Data shown: Begin

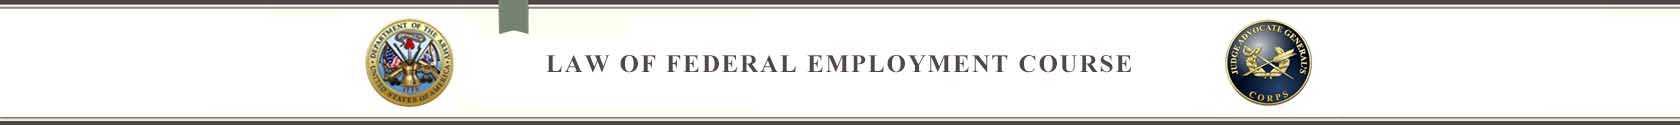 Law of Federal Employment Banner
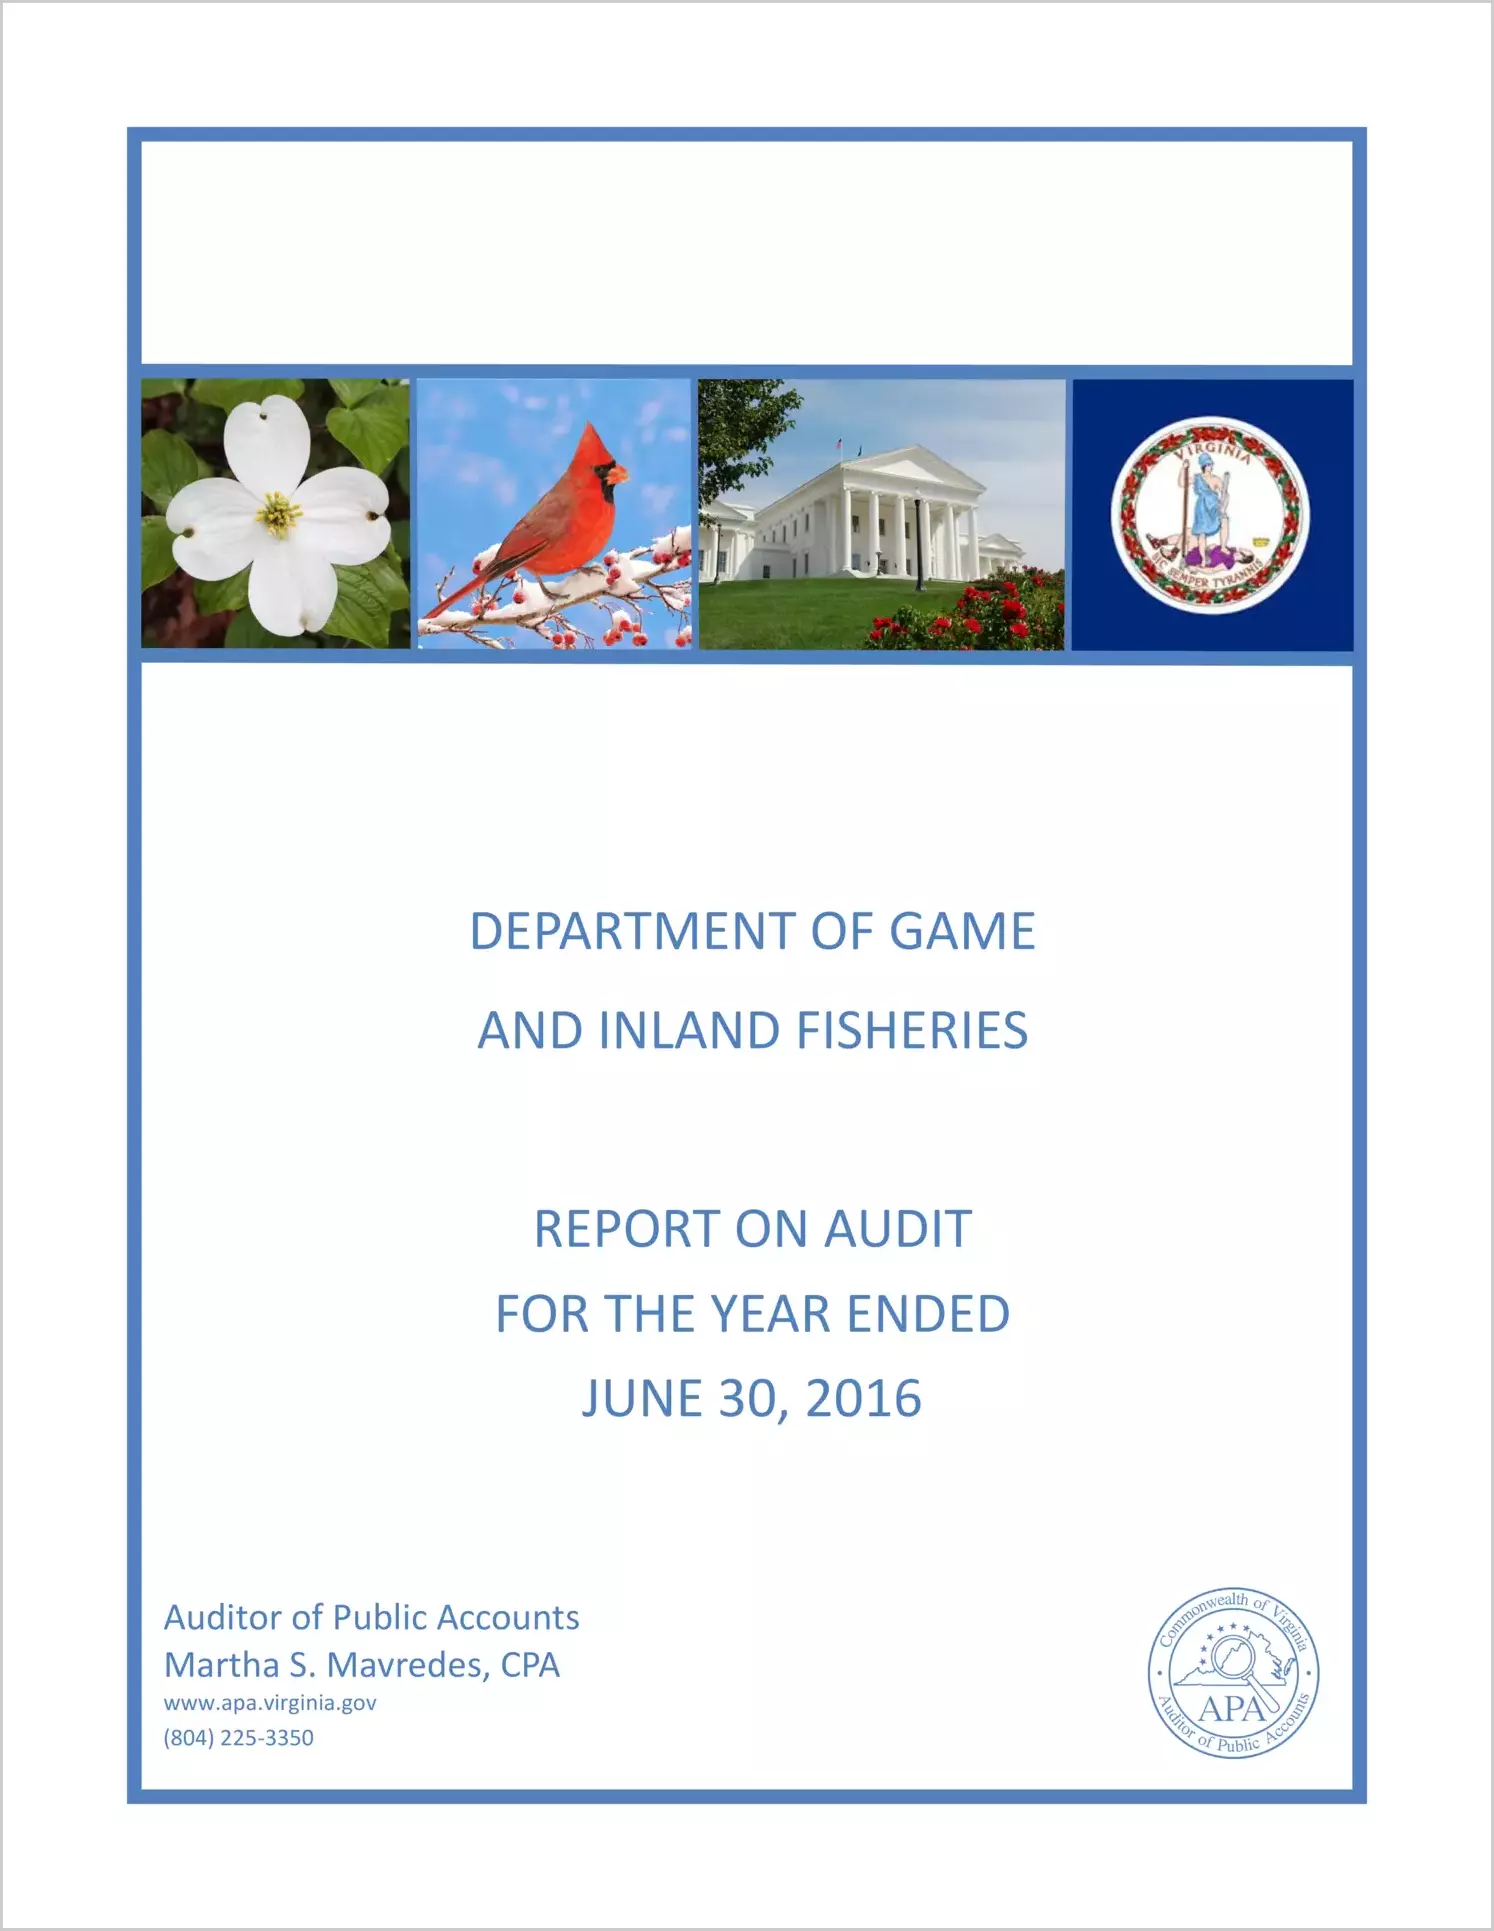 Department of Game and Inland Fisheries for the year ended June 30, 2016
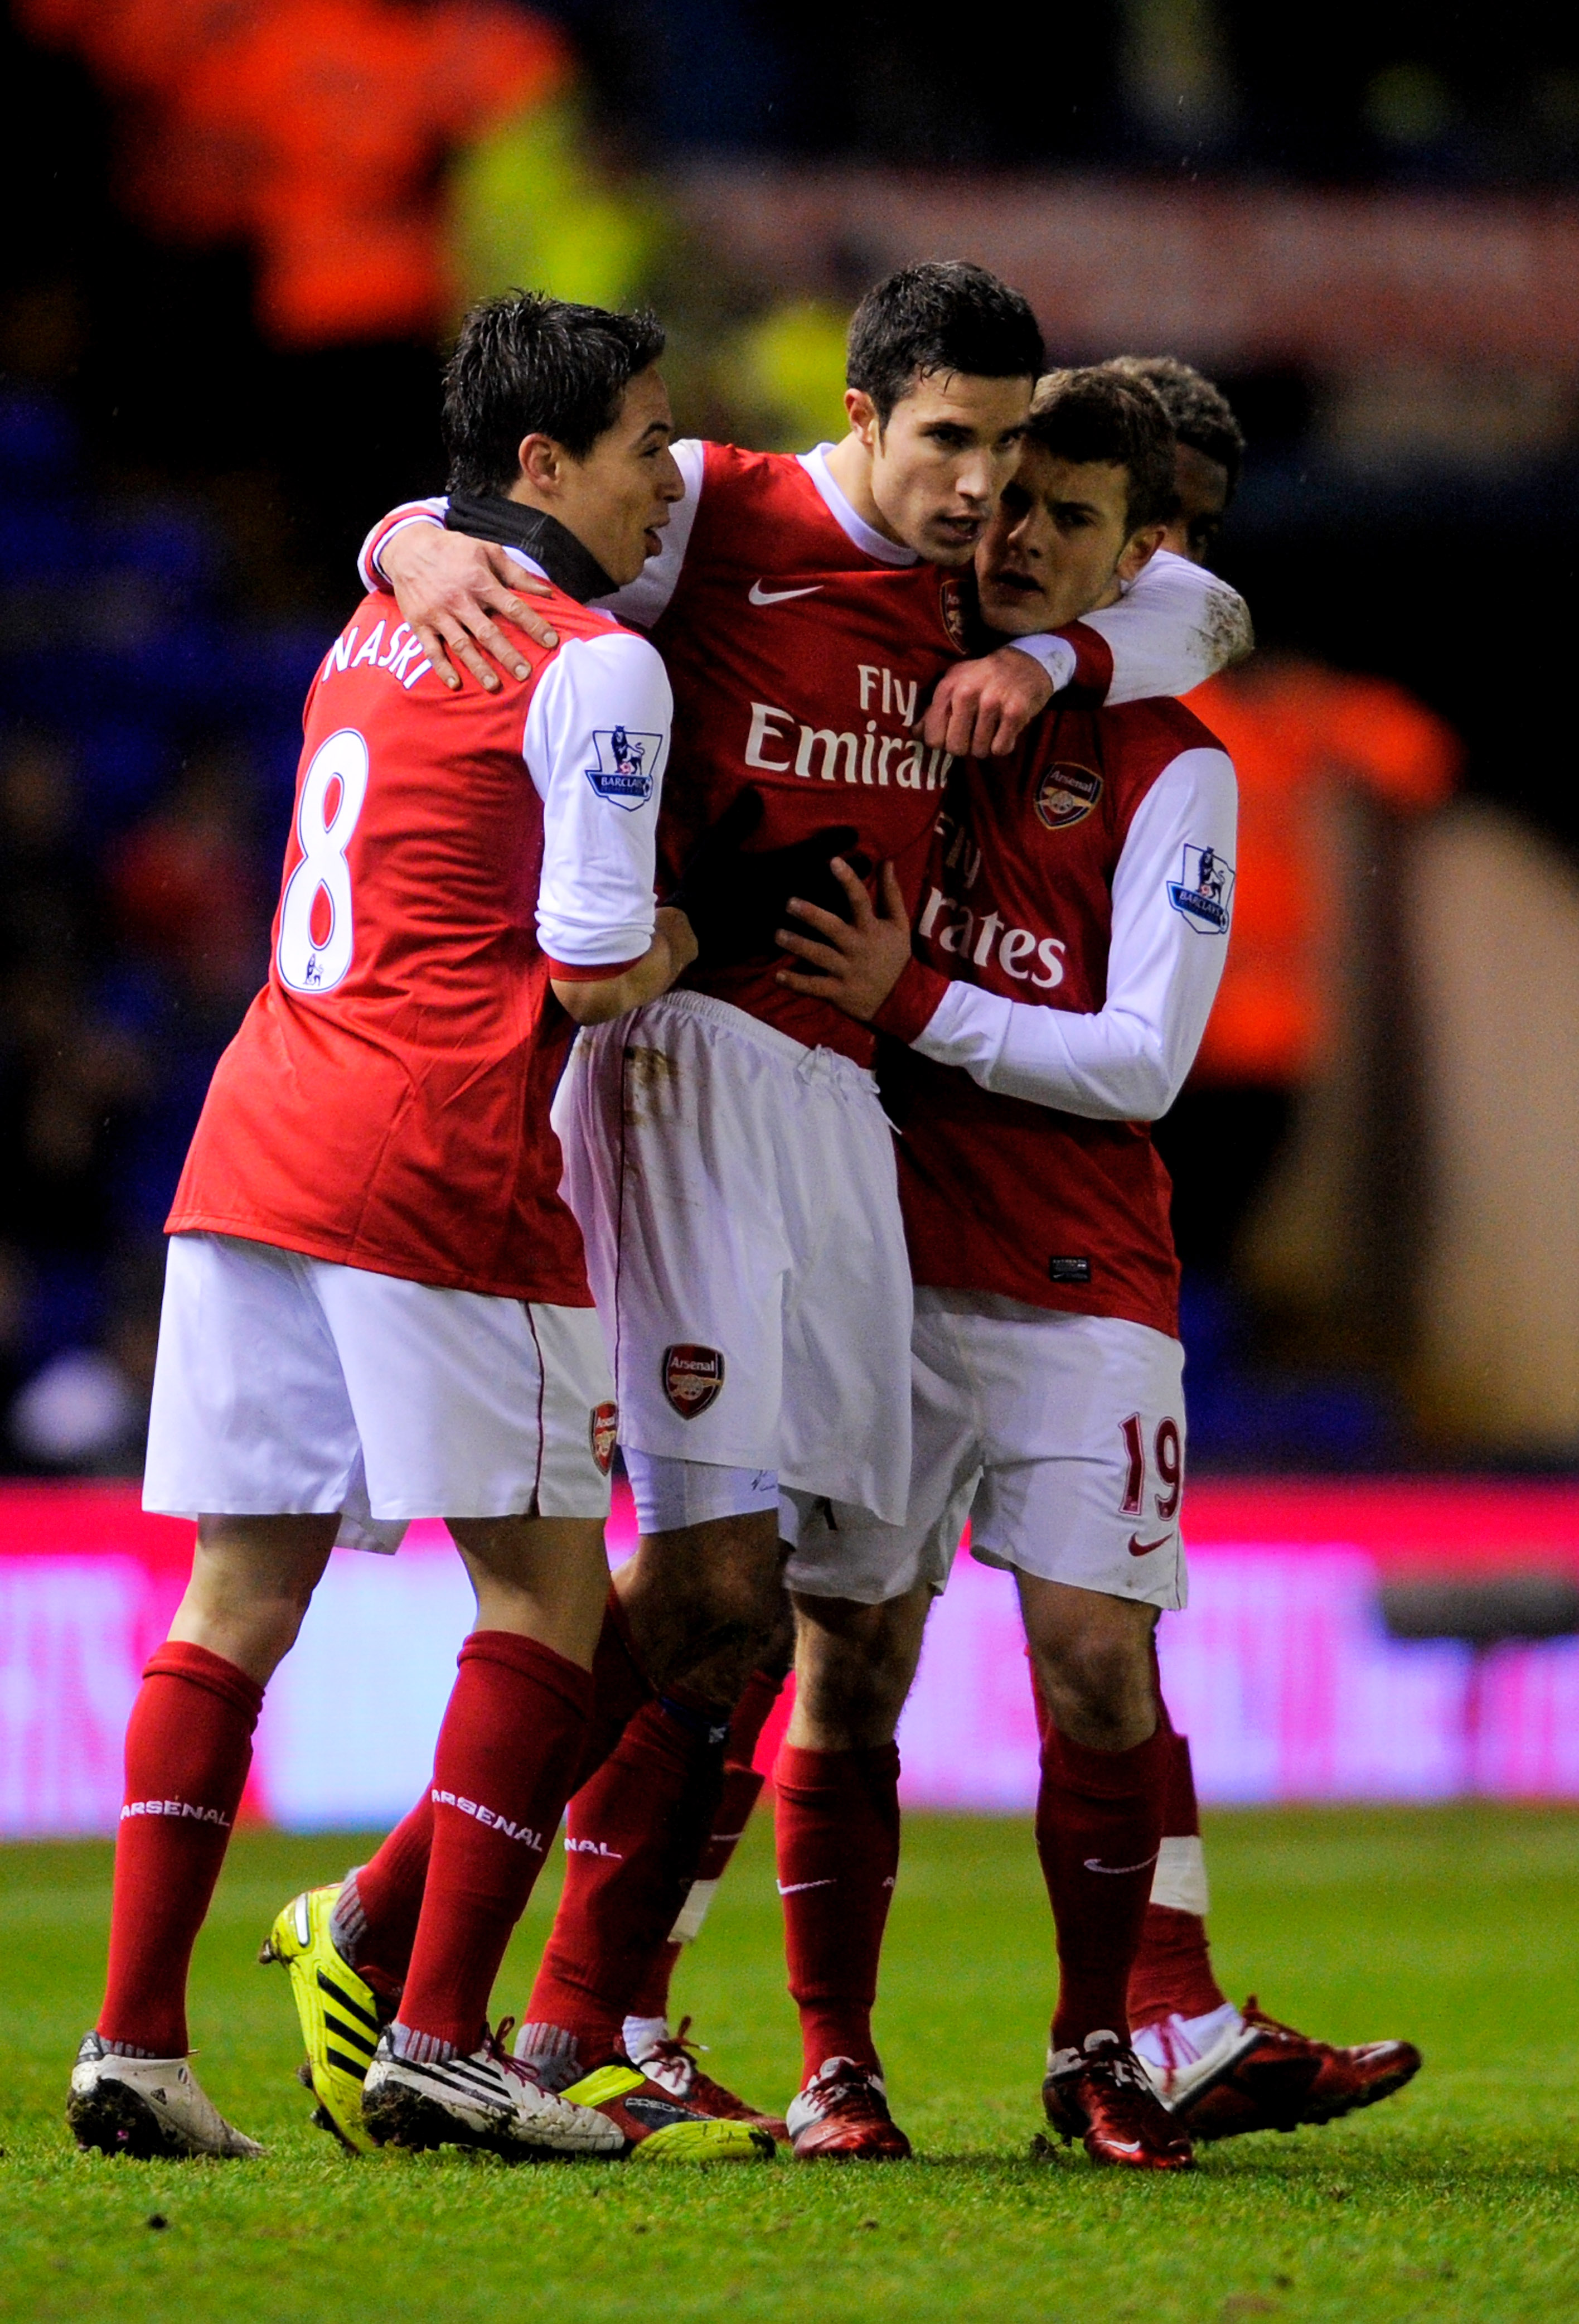 BIRMINGHAM, ENGLAND - JANUARY 01:  Robin Van Persie (C) of Arsenal is congratulated by teammates Samir Nasri (L) and Jack Wilshere (R) after scoring the opening goal of the match during the Barclays Premier Leaue match between Birmingham City and Arsenal

Data shown: End

Work task> Print the listing again exactly as it appears, except for the pictures, which stay out.

Response area>
 Law of Federal Employment Banner
 Department of Game and Inland Fisheries for the year ended June 30, 2016
 BIRMINGHAM, ENGLAND - JANUARY 01:  Robin Van Persie (C) of Arsenal is congratulated by teammates Samir Nasri (L) and Jack Wilshere (R) after scoring the opening goal of the match during the Barclays Premier Leaue match between Birmingham City and Arsenal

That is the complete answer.